» **WHAT YOU HAVE TO DO**
Exclude all pictures from your copy of the data below, which should otherwise match exactly.

### DATA EXTRACT ###

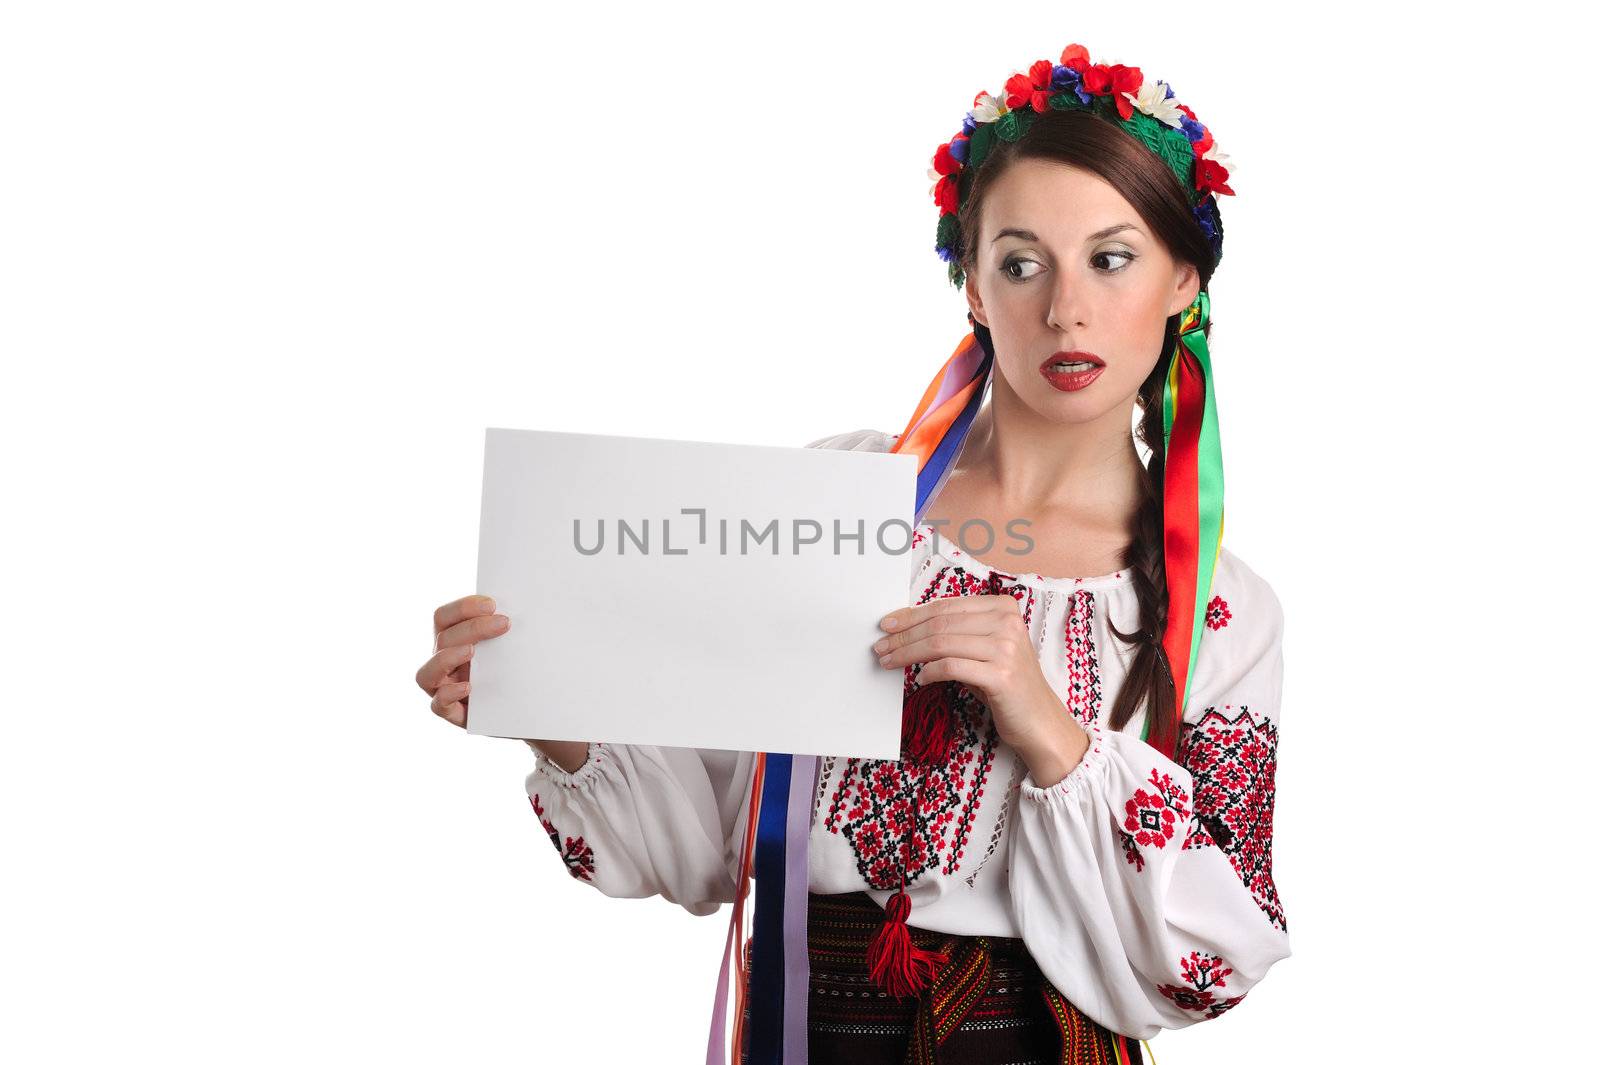 Young Ukrainian woman in national costume showing empty sheet of paper. Isolated on white background
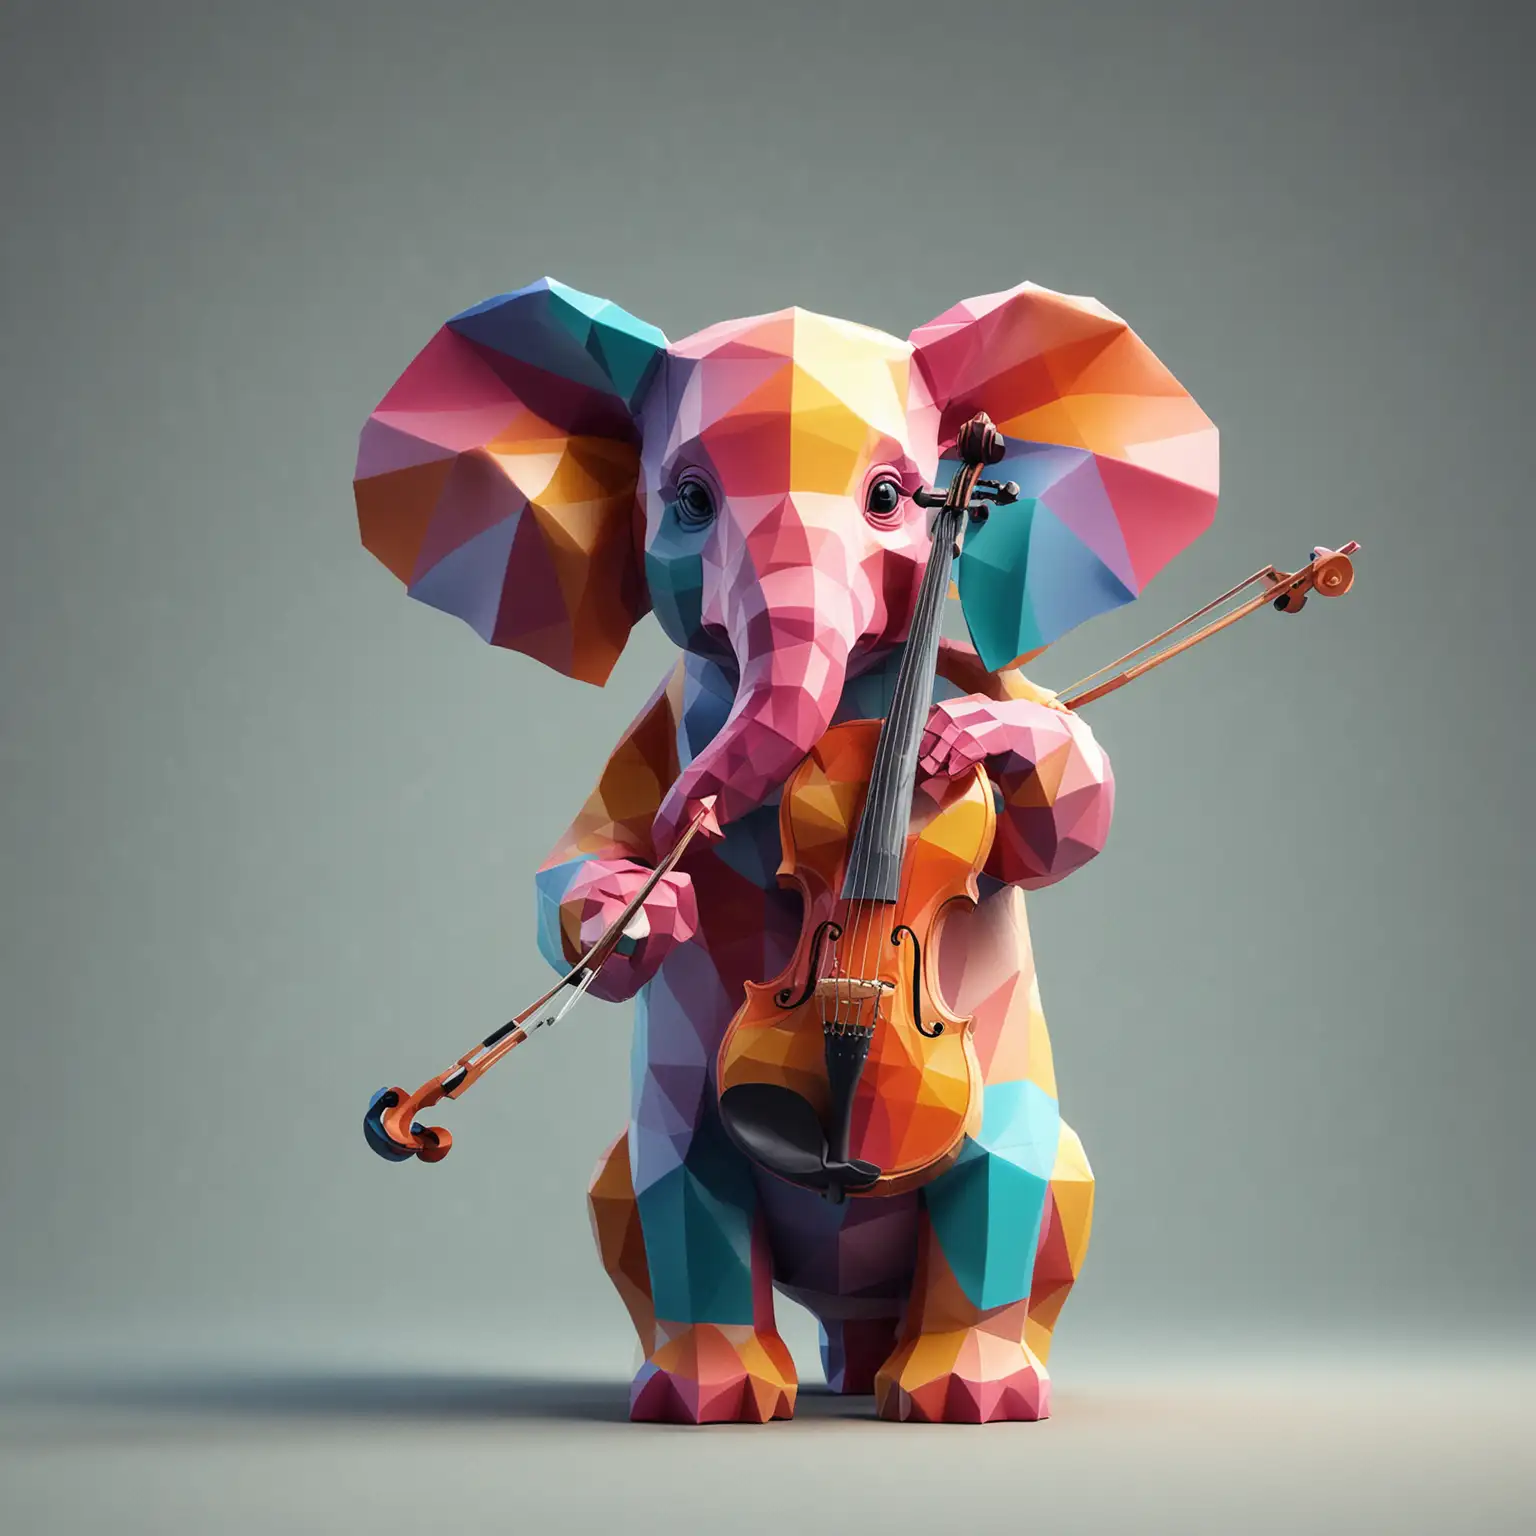 Multicolored Elephant Playing Violin with 3D Geometric Shapes
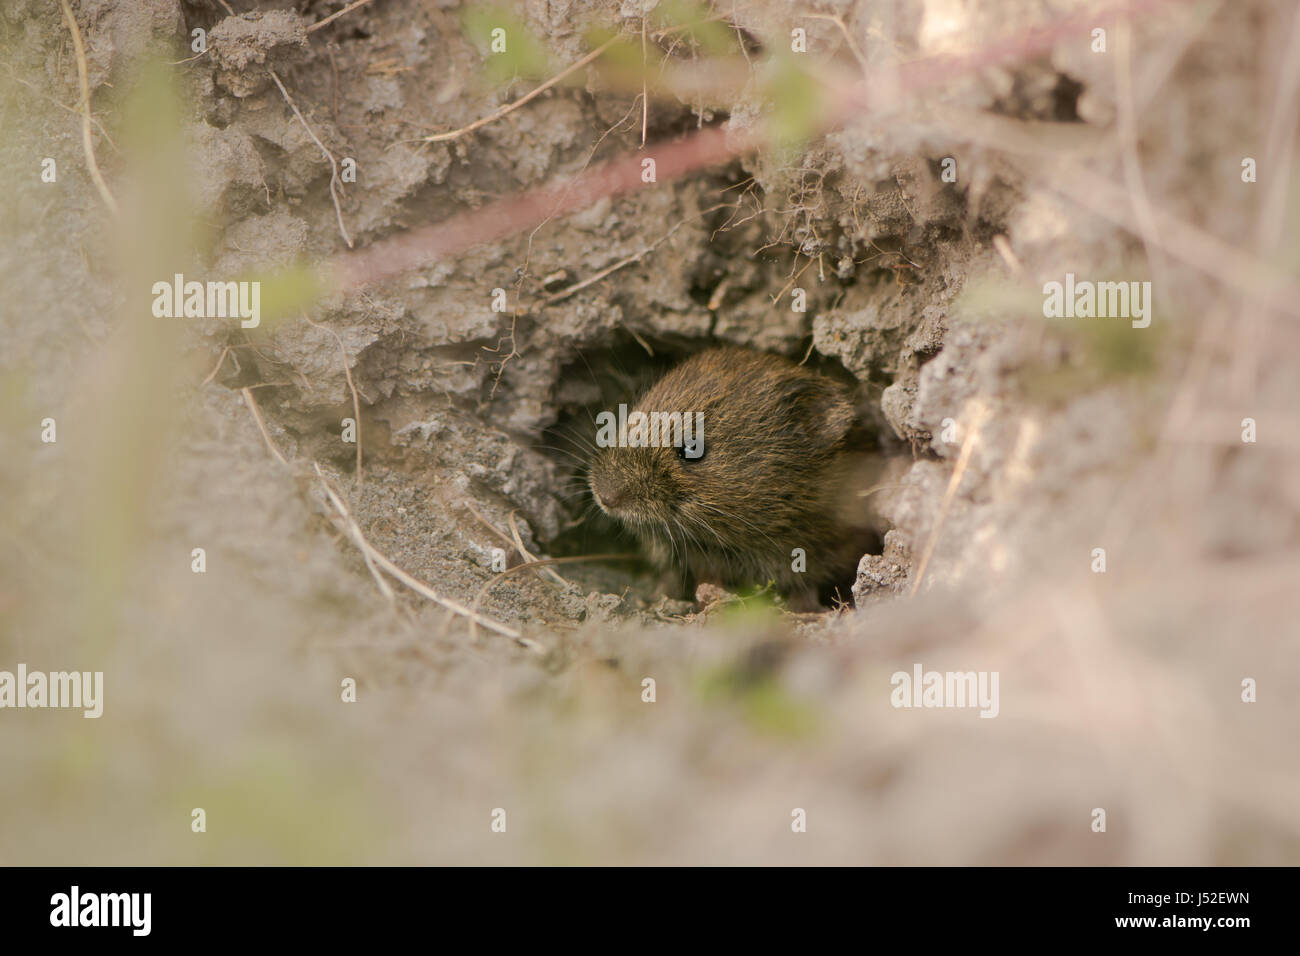 Field vole (Microtus agrestis) emerging from hole. A small mammal in the family Cricetidae leaving burrow under ant-hill Stock Photo

###

» **ANSWER TO THE EXERCISE**
 Young Ukrainian woman in national costume showing empty sheet of paper. Isolated on white background
 Multicolored Elephant Playing Violin with 3D Geometric Shapes
 Field vole (Microtus agrestis) emerging from hole. A small mammal in the family Cricetidae leaving burrow under ant-hill Stock Photo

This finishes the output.